Esa cerrilidad con aroma culpable no ha impedido, como digo, que en Gasteiz —y diría que en cualquier lugar del Estado— se tenga una conciencia muy nítida de la injusticia todavía sin reparar que cometieron hace tres decenios y medio personas cuya responsabilidad tampoco ha sido señalada por los órganos supuestamente competentes. Ese debería ser el siguiente paso. Sin ánimo de venganza, y aunque ni siquiera acarree consecuencias penales, es necesario que quede claro quiénes fueron los culpables.

Evitemos la tercera

Es mejor que no nos engañemos en el solitario. Ciertamente, es un alivio ver cómo muy poco a poco la curva de la segunda ola ha emprendido el descenso. También lo es comprobar que en el mapa el color rojo va apagándose de día en día. Pero todavía estamos muy lejos de lo deseable, incluso de lo aceptable. Los números de hospitalizaciones siguen siendo demasiado altos y las tantas veces mentadas tasas de positividad y de incidencia acumulada por cada 100.000 habitantes continúan casi escandalosamente por encima de lo que marcan las recomendaciones de las autoridades sanitarias. Qué decirles de las cifras de fallecidos, que aún tardarán en dejar de crecer. Eso, sin perder de vista que cada muerte es una tragedia.

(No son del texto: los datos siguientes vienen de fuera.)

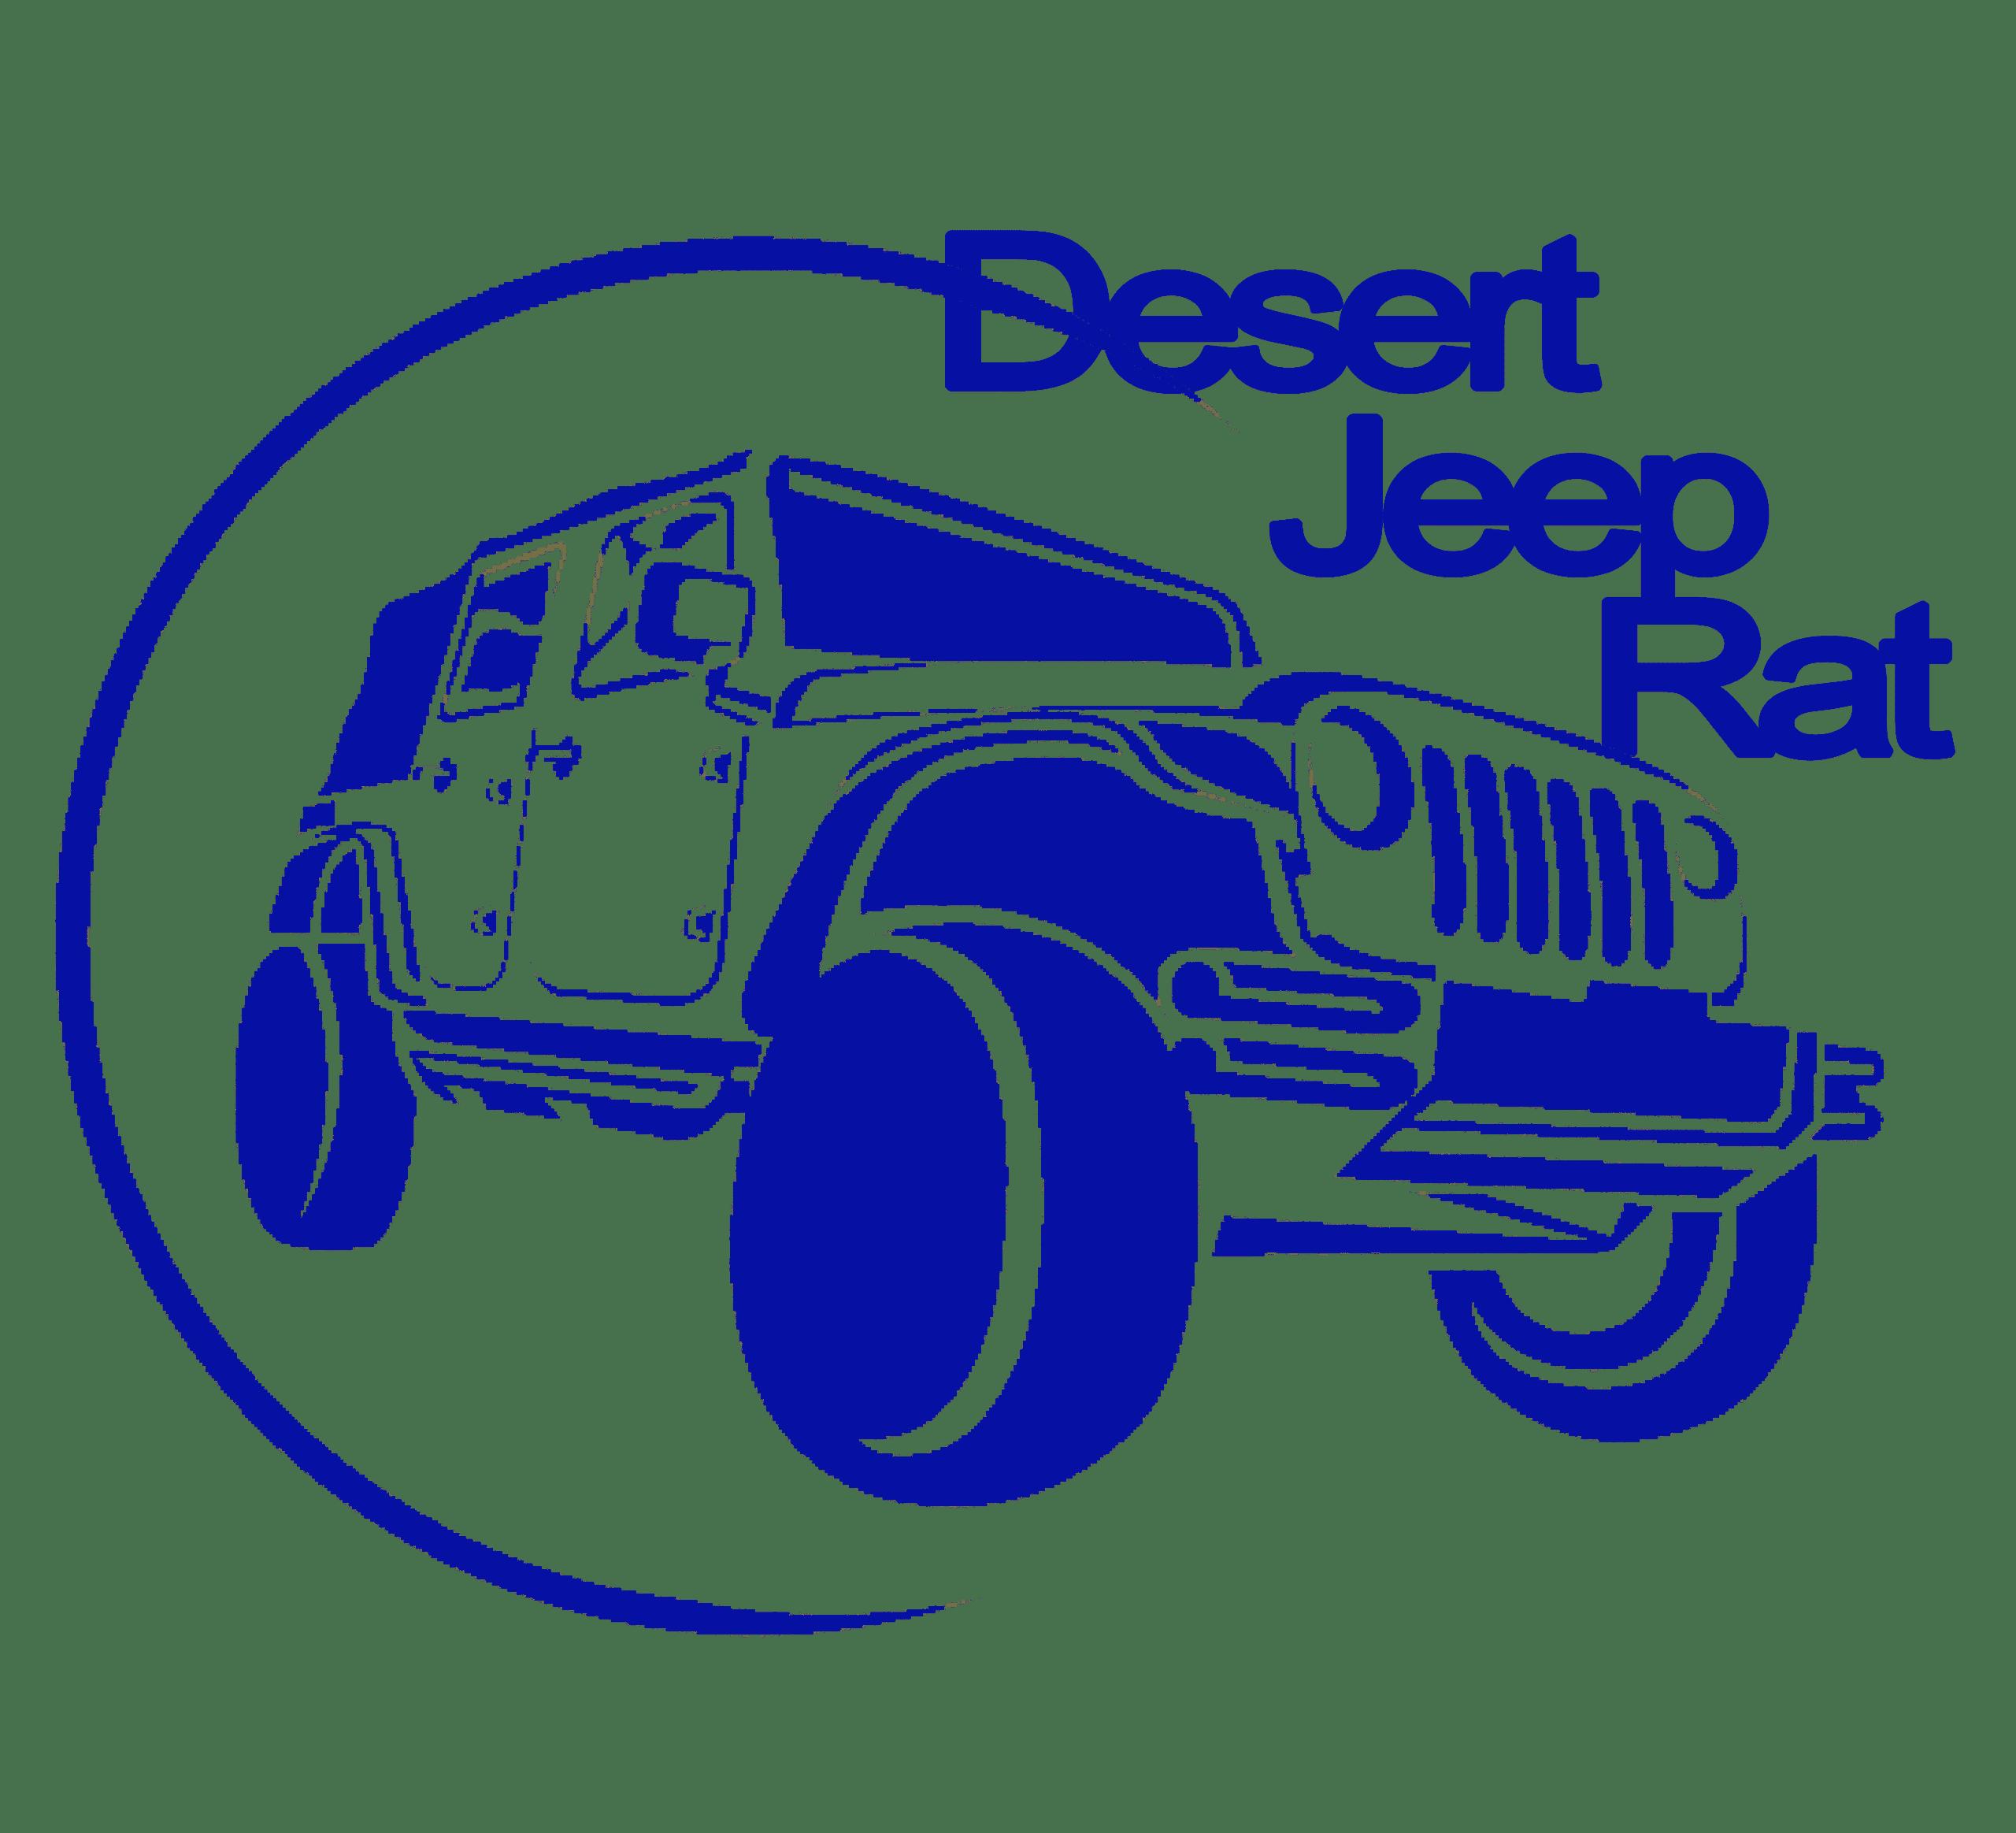 X Bull 13k Winch Install On The Blue Burro Desert Jeep Rat Wiring
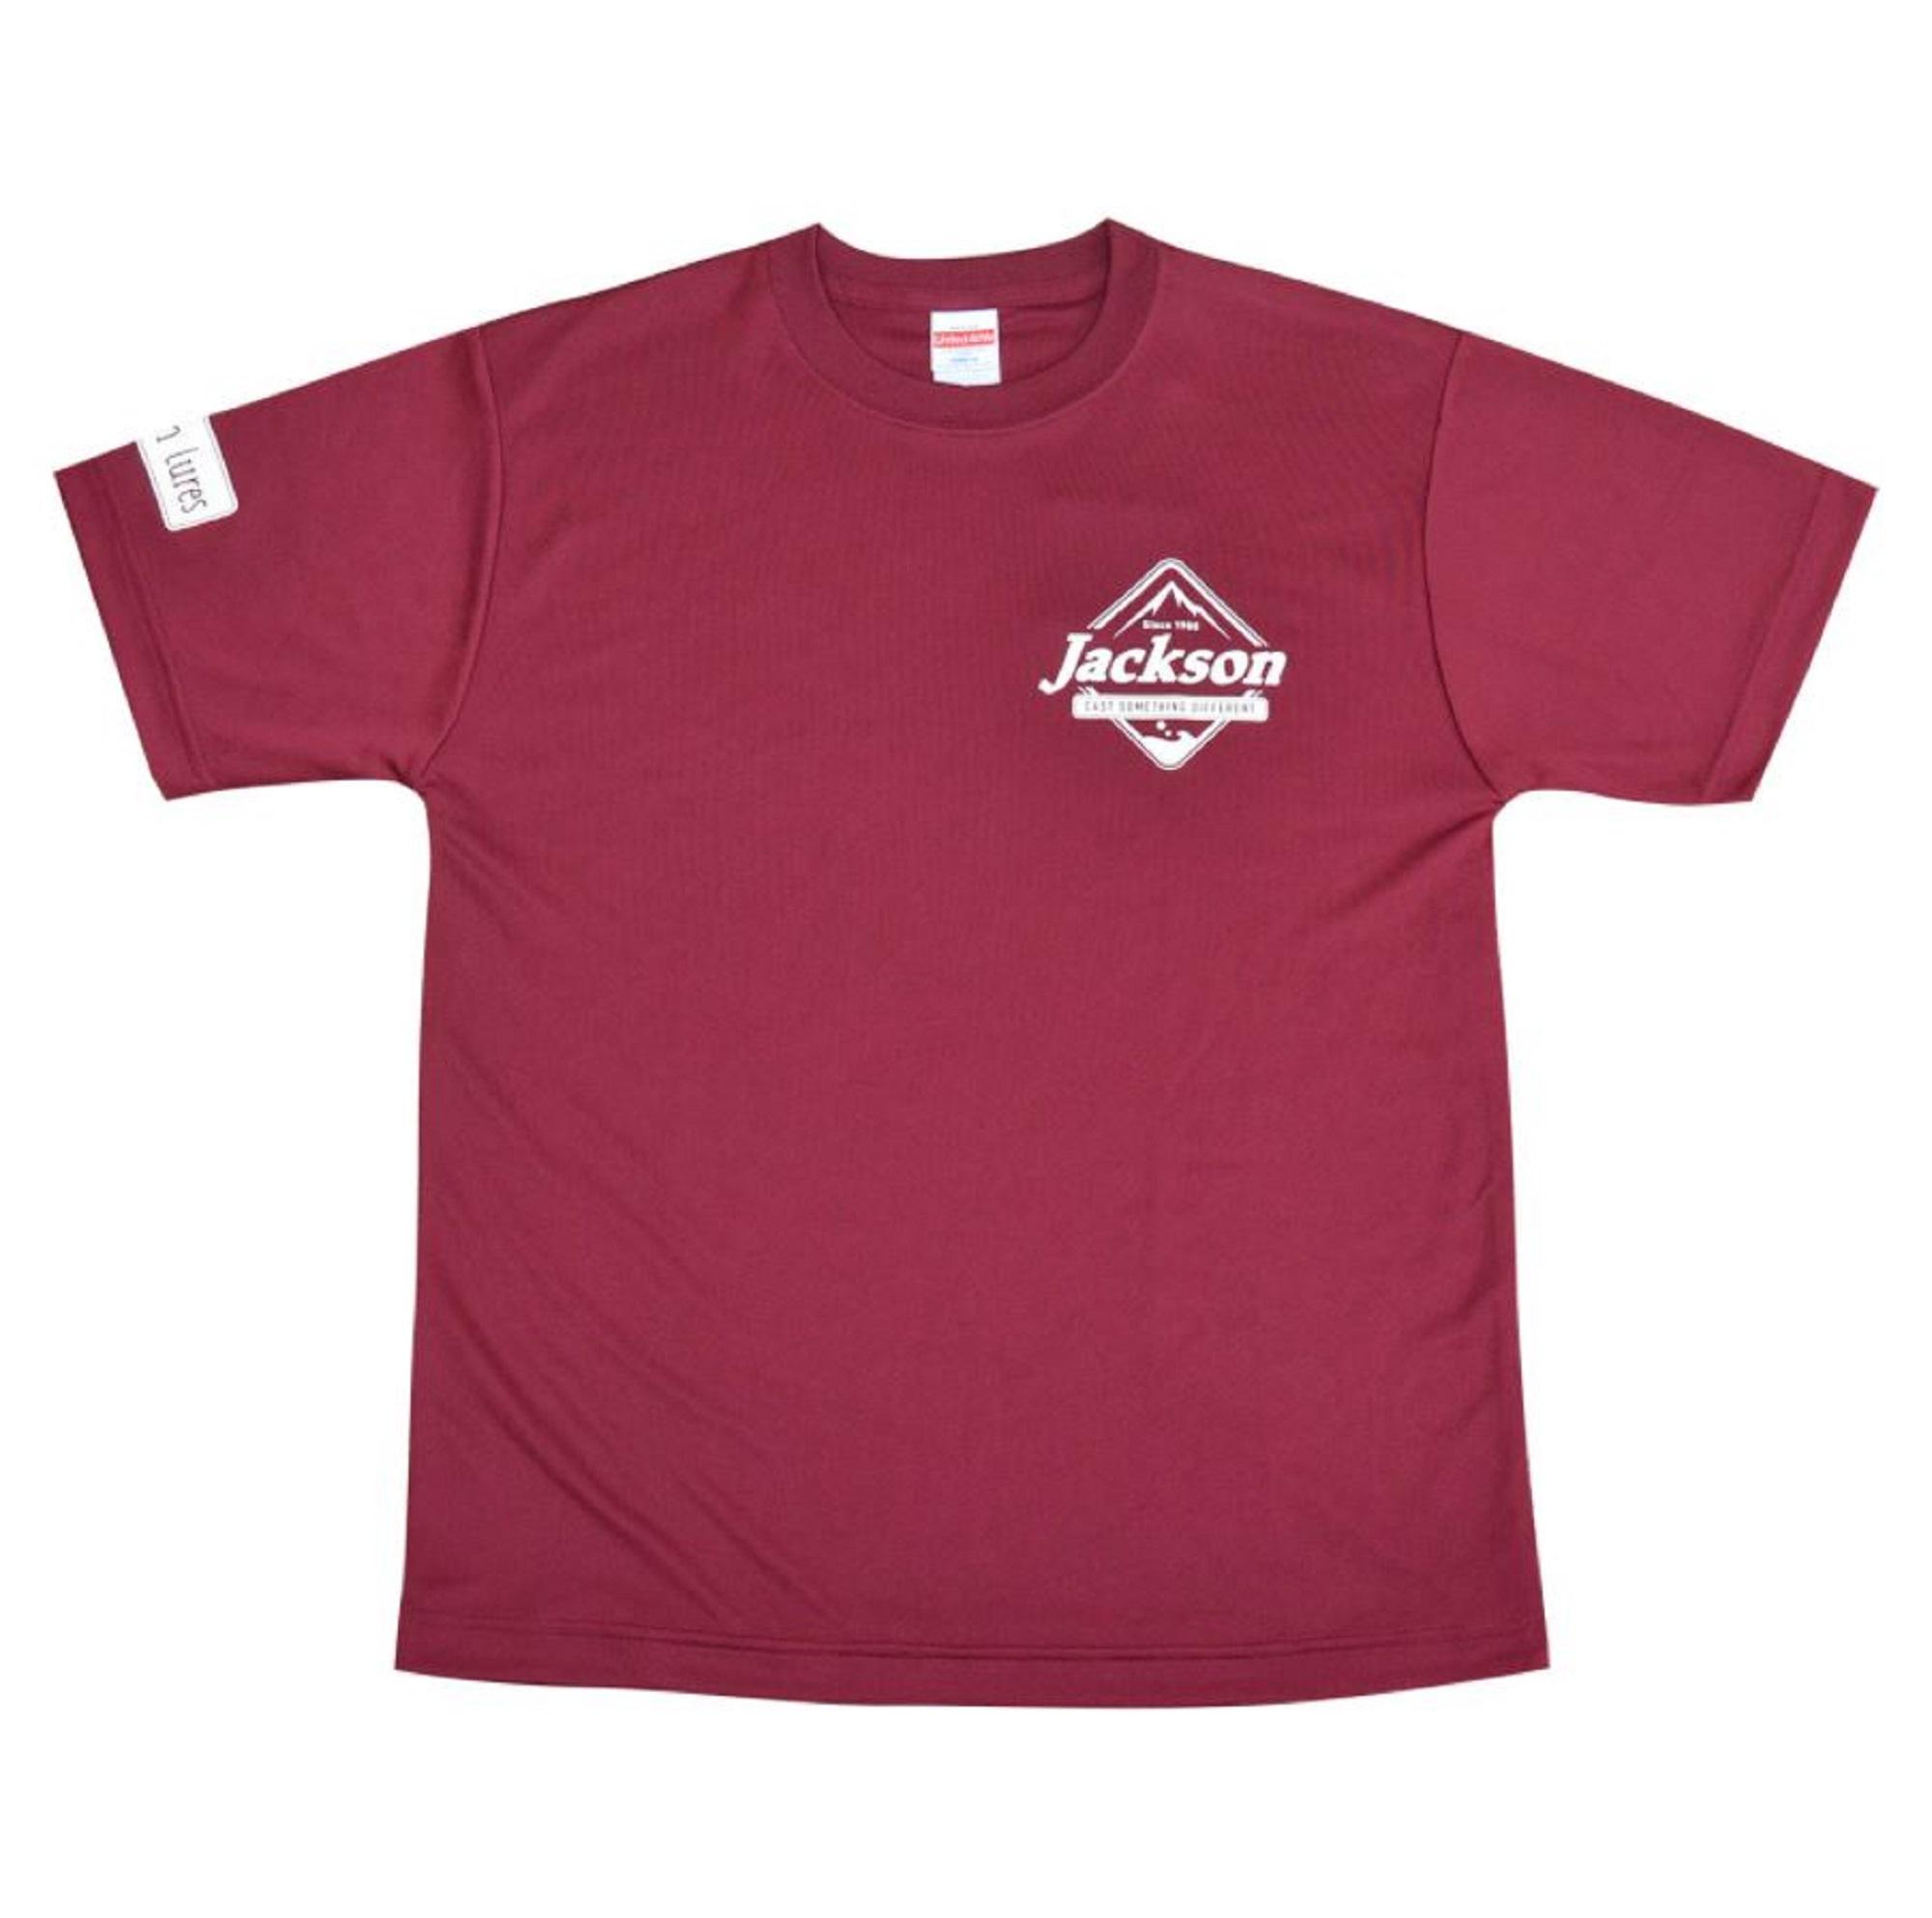 Jackson T-shirt Silky Touch Tee Burgundy L (9144)

No pretendo ser un cenizo. Soy el primero en necesitar imperiosamente buenas noticias. Y sin duda, no son malas las que vamos contando últimamente. Parece que la tendencia ha cambiado y que la tempestad empieza a amainar. Si añadimos los prometedores avances sobre las vacunas, tenemos motivos para la esperanza. Sin embargo, una mirada hacia atrás —y no muy atrás; hablo de apenas unas semanas— nos debería servir para evitar caer de nuevo en los mismos errores. Cuando todavía no hemos abandonado la segunda ola, no podemos permitirnos de ningún modo poner la simiente para la tercera.